2014 Firefighter Fatality Incidents

Fireboat maintenance

On January 6, a firefighter with 20 years of service and assigned to the marine unit was working his regular shift. The 62-year-old firefighter, dressed in multiple layers of clothing to keep warm, was winterizing the fire/rescue boats and a barge for the extremely cold weather. The fire/rescue boats were trailered and a barge served as their fire station at the marina.

Shortly after midnight, the firefighter, who suffered from diabetes, developed difficulty breathing and called 911. Firefighters and paramedics arrived to find him in cardiac arrest. They immediately began medical assistance and transported him to a nearby medical facility. He was subsequently transferred to a hospital in critical condition where he remained until he died eight days later from a myocardial infarction.

Incendiary apartment house fire

On January 26, an engine company arrived at the scene of a fire in an occupied six-unit apartment building. The company was staffed with a fire officer and three firefighters and arrived approximately six minutes after dispatch. The original building was Type III construction built in 1877, but several additions were added at an unknown date using Type IV construction.

The officer and two firefighters placed a ladder to a second-story apartment window and advanced their 1.75-inch (44-millimeter) uncharged hoseline up the ladder and into the window five minutes after arriving on scene.
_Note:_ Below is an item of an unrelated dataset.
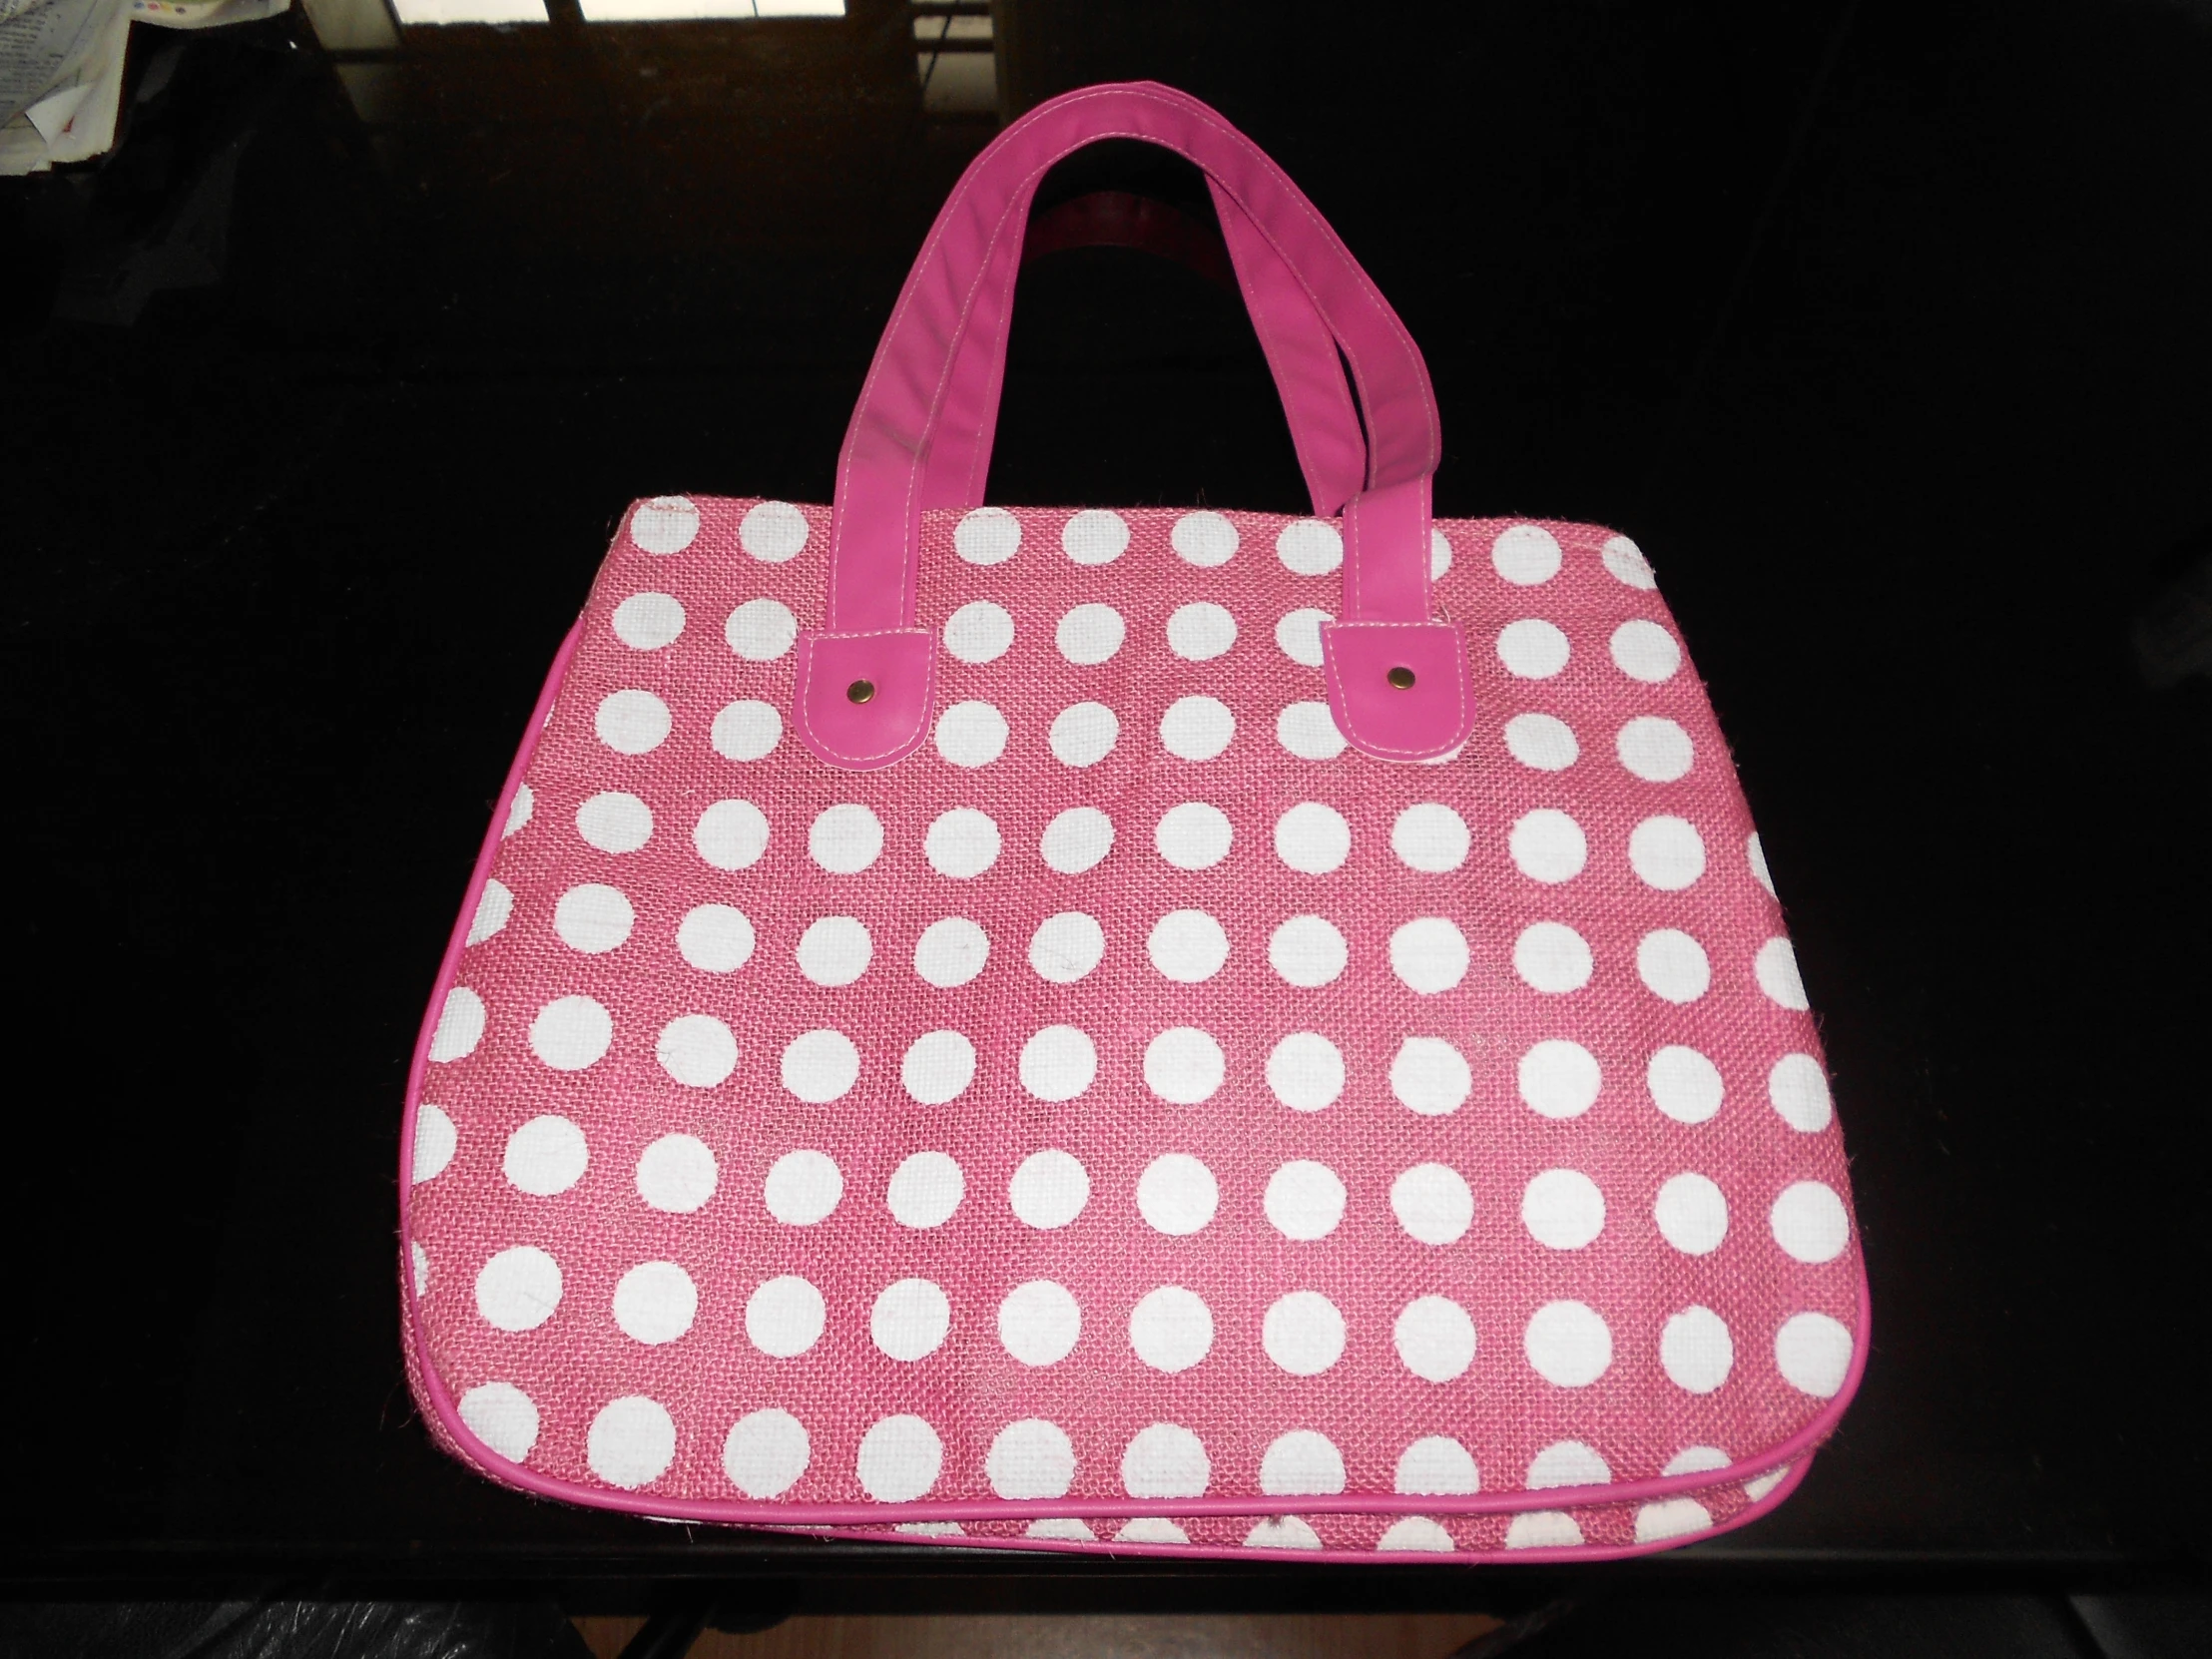 a bag with white polka dots sitting on a table

The crew advanced the hoseline into the hallway, passing another engine company as it entered the building using a door from a small deck on the roof of one of the additions. The crew then headed down a hallway in zero visibility. The officer requested his hose line be charged with water, and the firefighter on the nozzle began directing the stream towards the ceiling. The second engine company that was near the doorway also began spraying water onto the flames and thick, acrid black smoke along the ceiling.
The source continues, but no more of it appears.